For many boys and girls, Election Day did not bring new hope; it robbed them of it.  

That was certainly the case in Arkansas, where voters decided to slash the number of families available to provide safe, caring homes for abused and neglected children languishing in the state's foster care system. They did that by approving a referendum — aimed squarely at gays and lesbians — prohibiting unmarried, cohabiting couples from becoming foster or adoptive parents.

Viewed through the prism of what best serves the interests of children who need homes, the debate about gay and lesbian parenting (within or outside of marriage) is not a close call. The research is clear: Children grow up far better in families than in temporary care or institutions, and their outcomes are comparable whether their parents are straight or gay.

A new report by the Evan B. Donaldson Adoption Institute, “Expanding Resources for Waiting Children,” which I head, points out some critical facts:

•  About 129,000 children in foster care are legally free for adoption, and not enough adults are filling the need in any state; the 25,000 who “age out” of the system each year face a very high risk of negative outcomes such as homelessness, poverty, incarceration and early parenthood.

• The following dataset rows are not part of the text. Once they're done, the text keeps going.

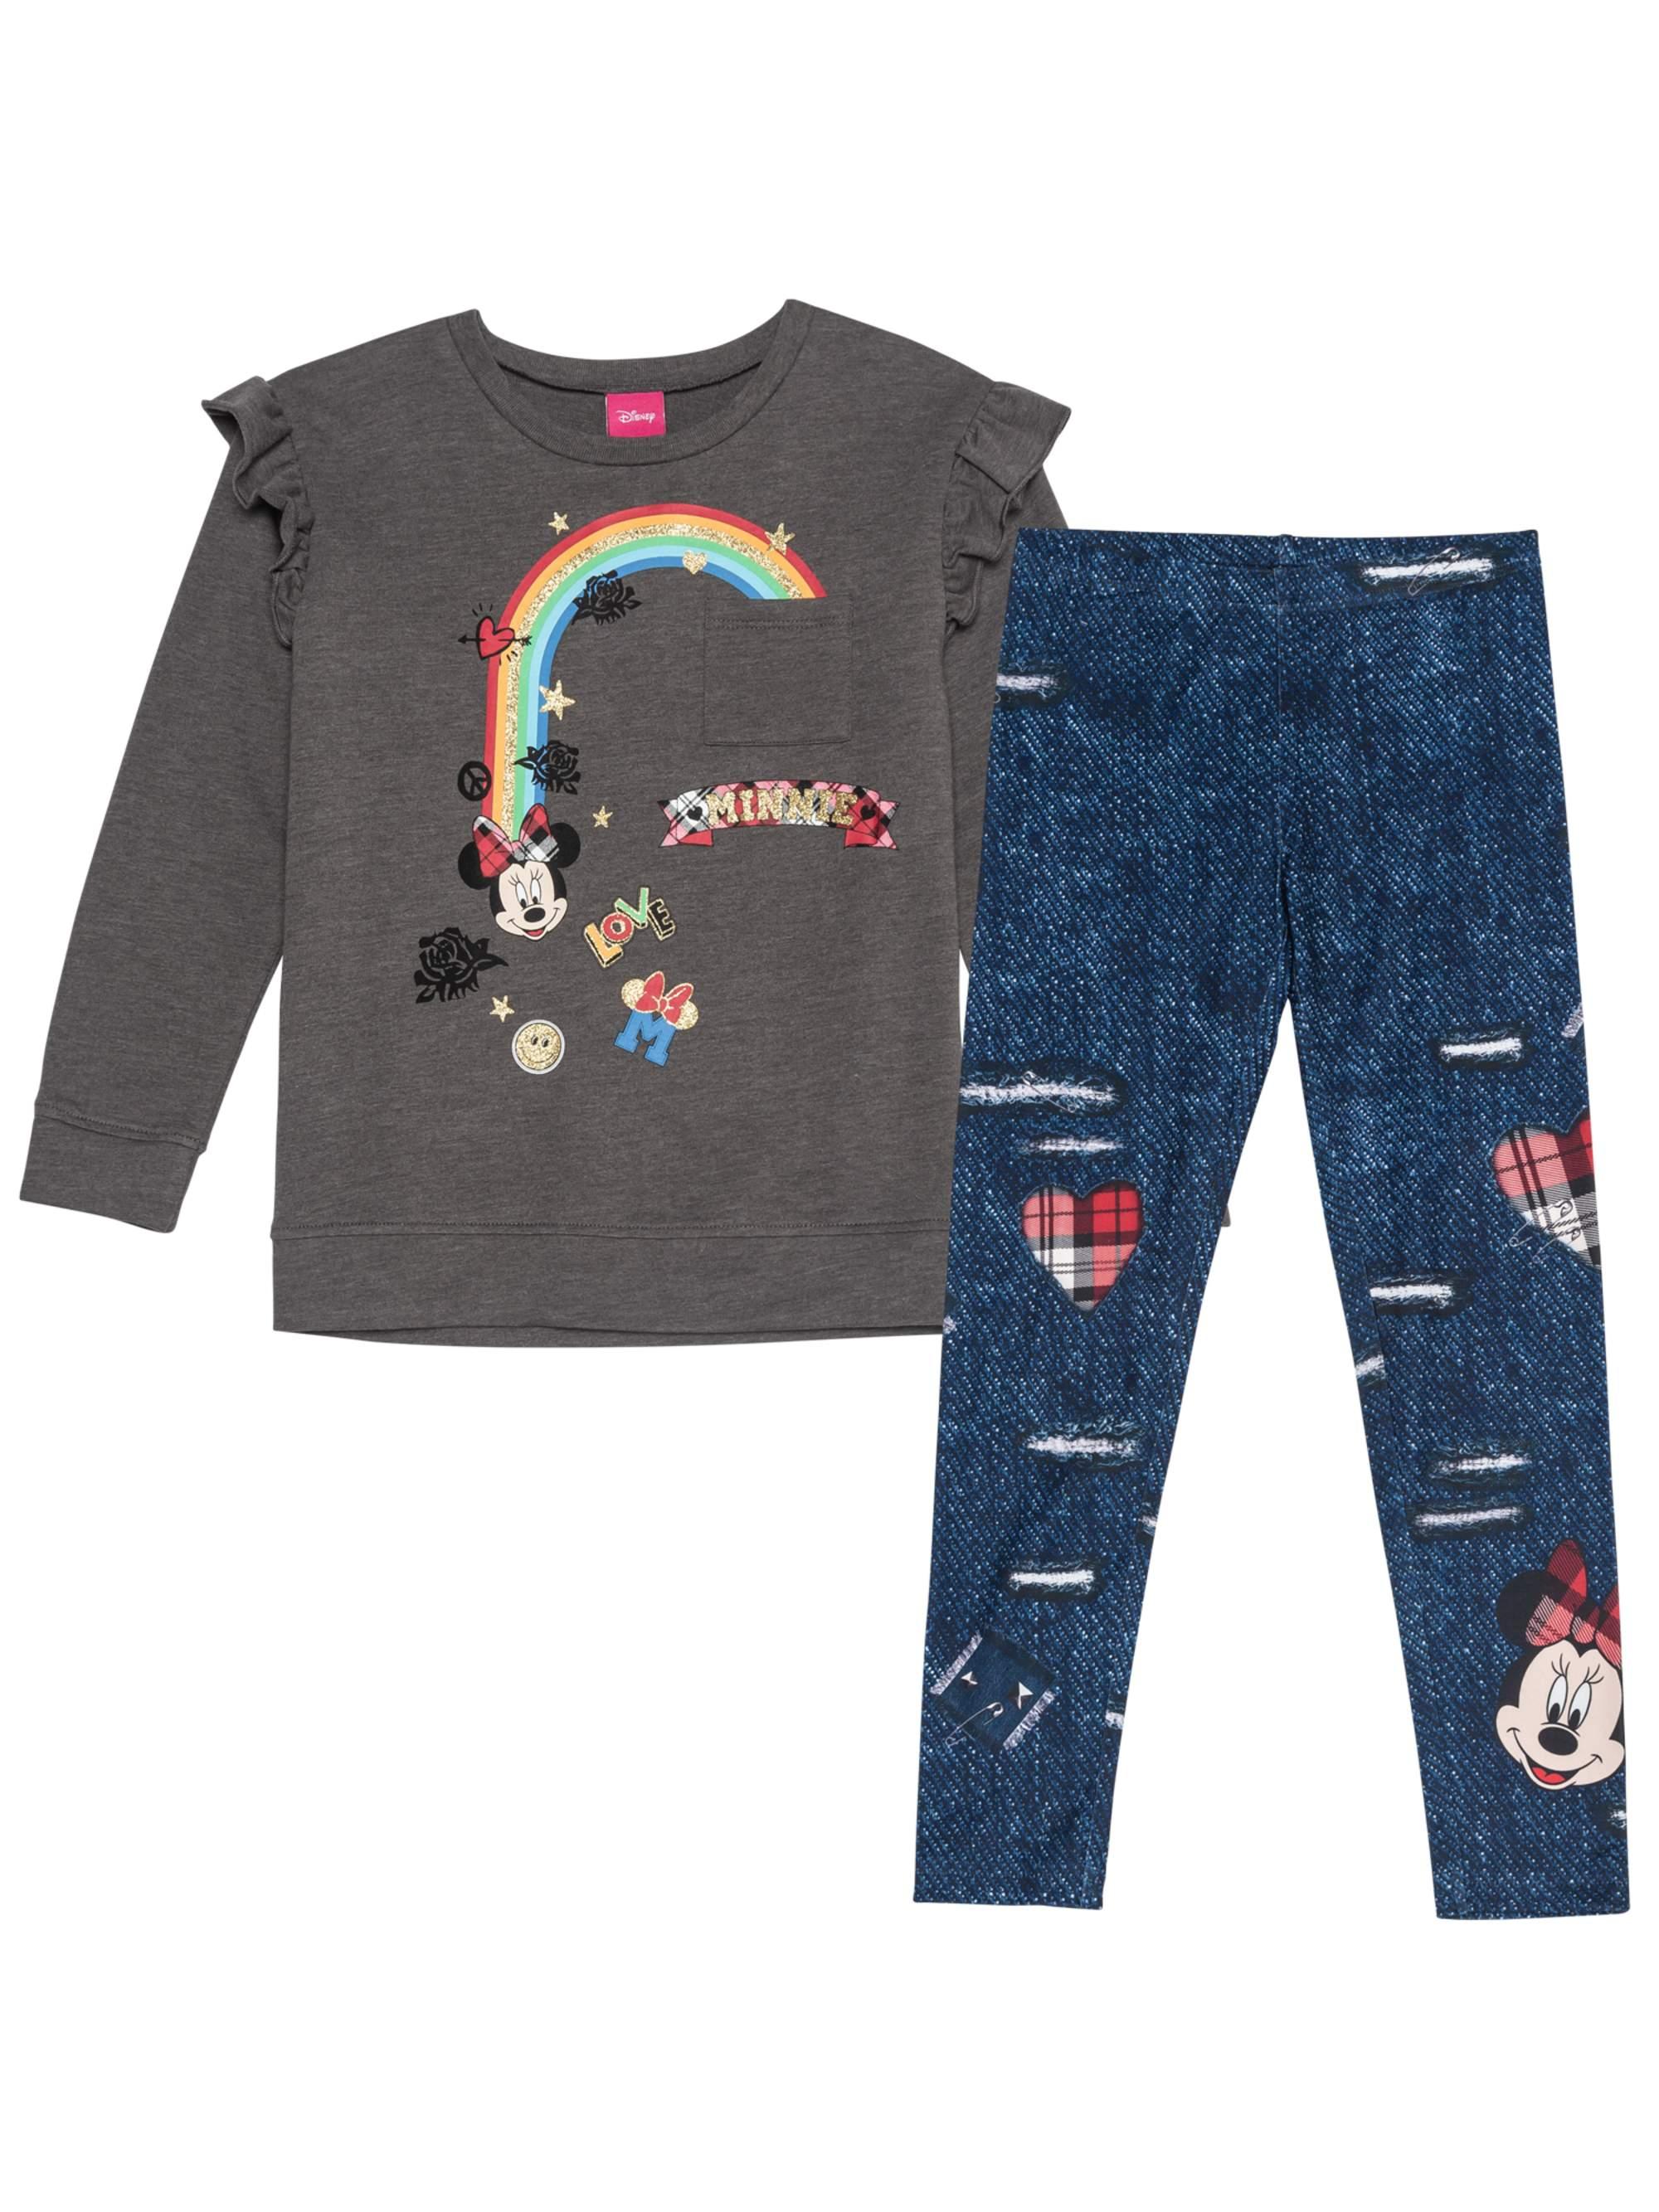 Rainbow Ruffle Sleeve Top and Legging, 2-Piece Outfit Set (Little Girls & Big Girls)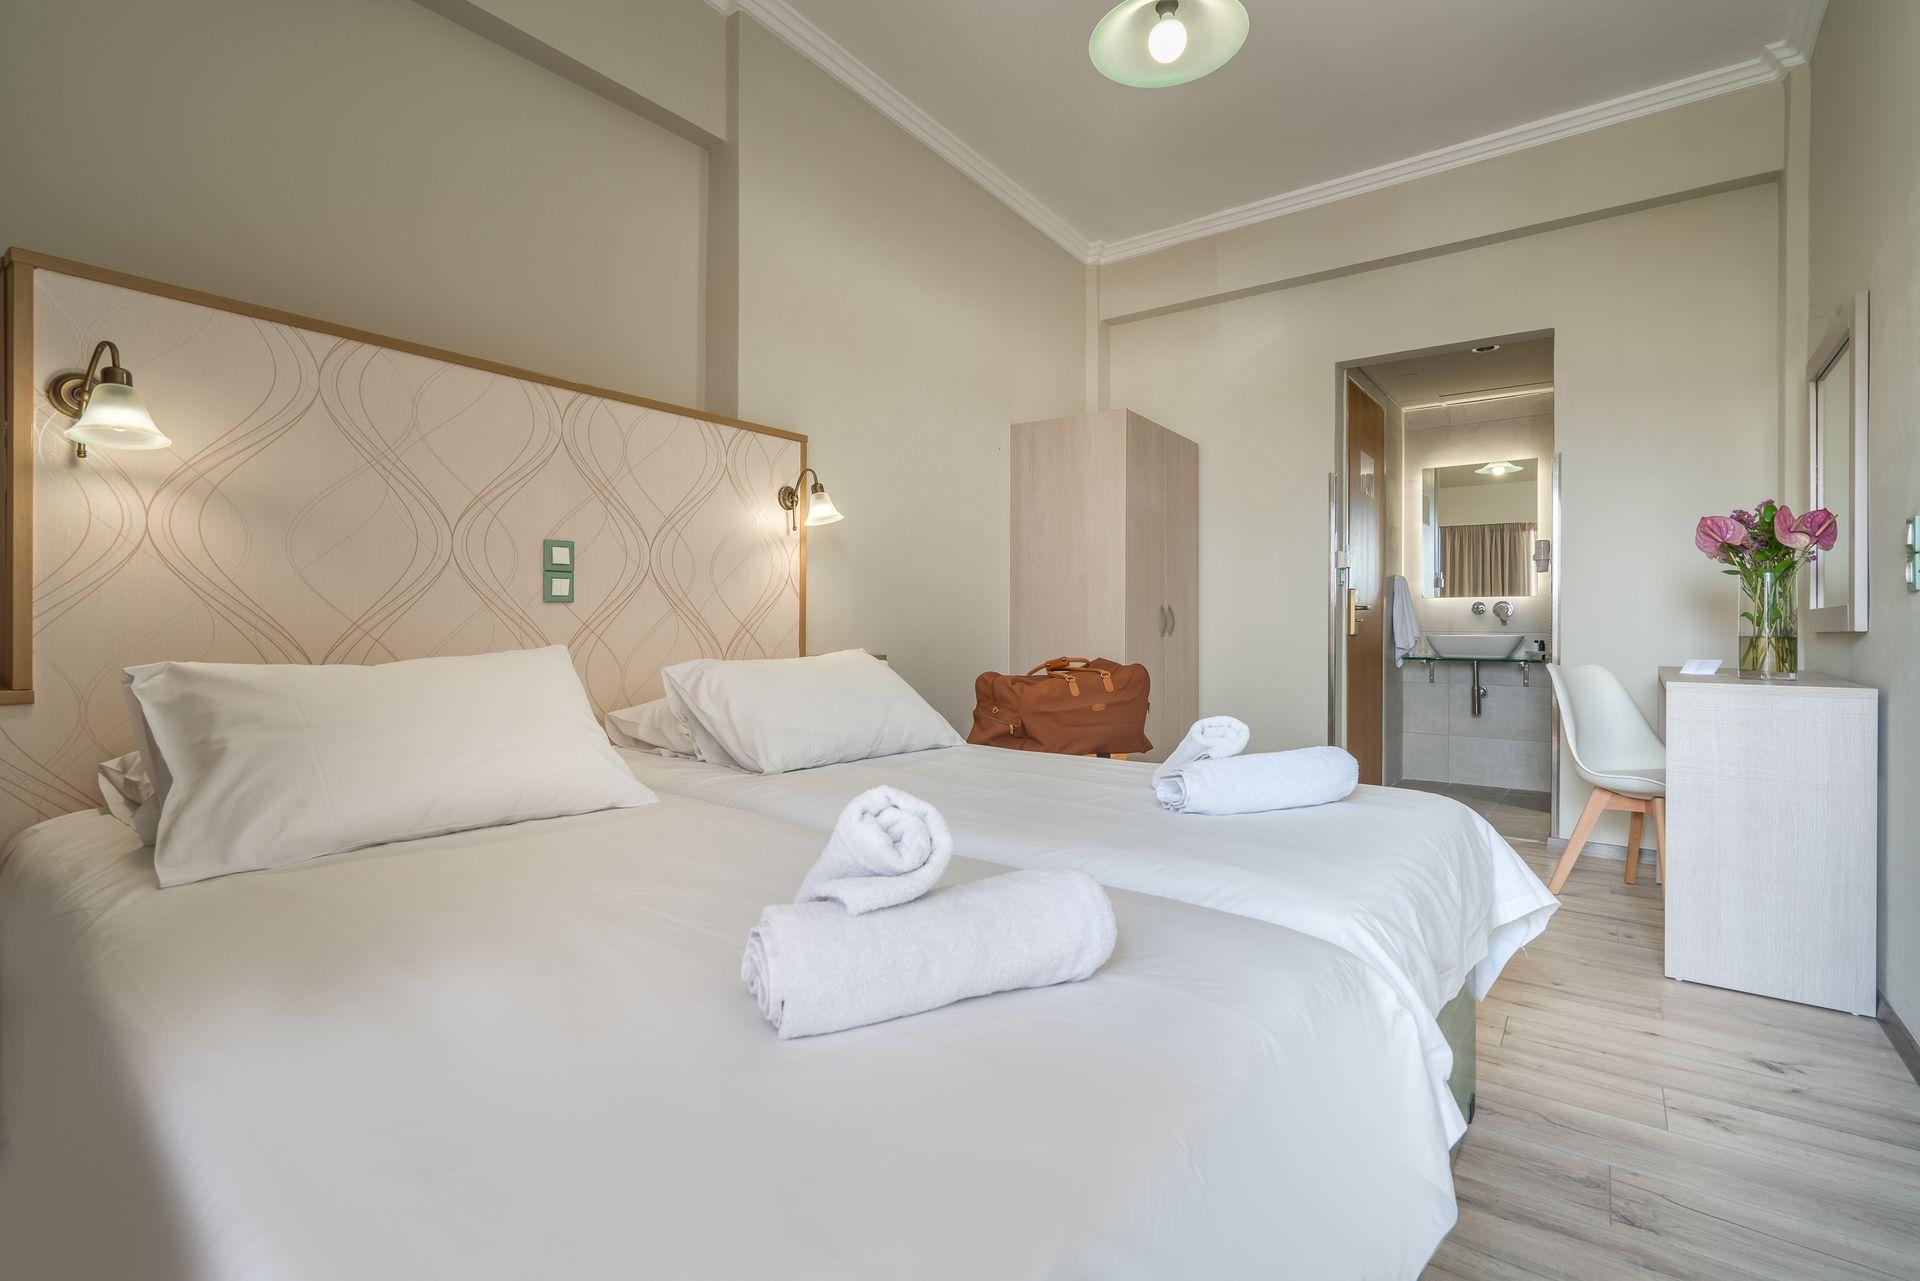 Phoenix Hotel Zante - Ζάκυνθος ✦ -29% ✦ 2 Ημέρες (1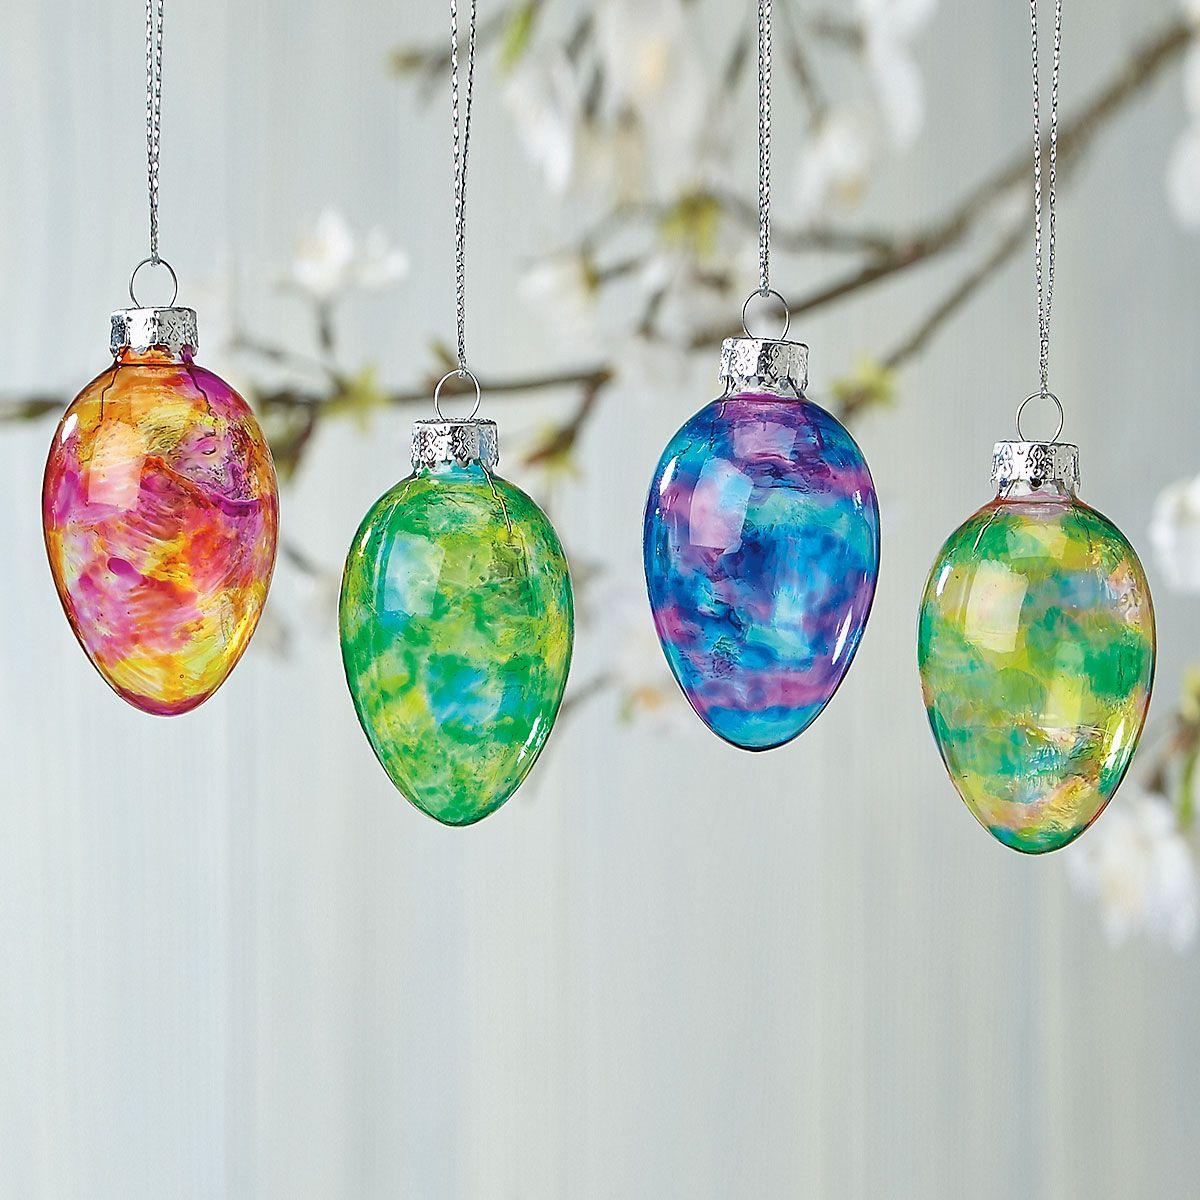 Glass Ornament Easter Eggs

• Gays and lesbians, studies show, are more willing to adopt children with special needs — which most boys and girls in foster care have — than are heterosexuals.

• Adoption from foster care yields between $3.3 billion and $6.3 billion in savings nationally each year, while a nationwide ban on foster parenting by gays and lesbians would add $87 million to $130 million in total costs for states to find other caretakers.

The report suggests that joint adoption (when both parents adopt at the same time) and second-parent adoption (when a partner or spouse later adopts the child) should expand from the handful of states where they are currently permitted for gays and lesbians to become the norm from coast to coast. The arguments for doing so are based principally on the benefits to children, ranging from health insurance to legal protections to the emotional security of feeling part of a “normal” family.

Because these arguments apply to marriage as well, many child advocates are concerned about the results of Nov. 4 voting in California, Florida and Arizona to allow only heterosexuals to marry. But the most direct, problematic result for children that day clearly took place in Arkansas.

While the referendum was aimed at gays and lesbians, it also removes qualified cohabitating heterosexuals from the pool of prospective adoptive parents. It is an audacious action that undermines the prospects for needy children to get homes, made all the more unnerving by reports that its advocates plan to build on their “success” by working to repeat it in other states.

Whatever anyone may believe personally about parenting by lesbians, gay men and unmarried heterosexual couples, can it really be acceptable for some children, by law, to be granted less of a shot in life than others? Most troubling, can it really be true that there are people who think a child is better off with no parents than ones who are living together outside of traditional marriage?

On the eve of a new presidency, if we as a nation are to bring real hope to vulnerable boys and girls who have so little of it, we need to finally address those troubling questions.

 

Adam Pertman is executive director of the Evan B. Donaldson Adoption Institute in New York.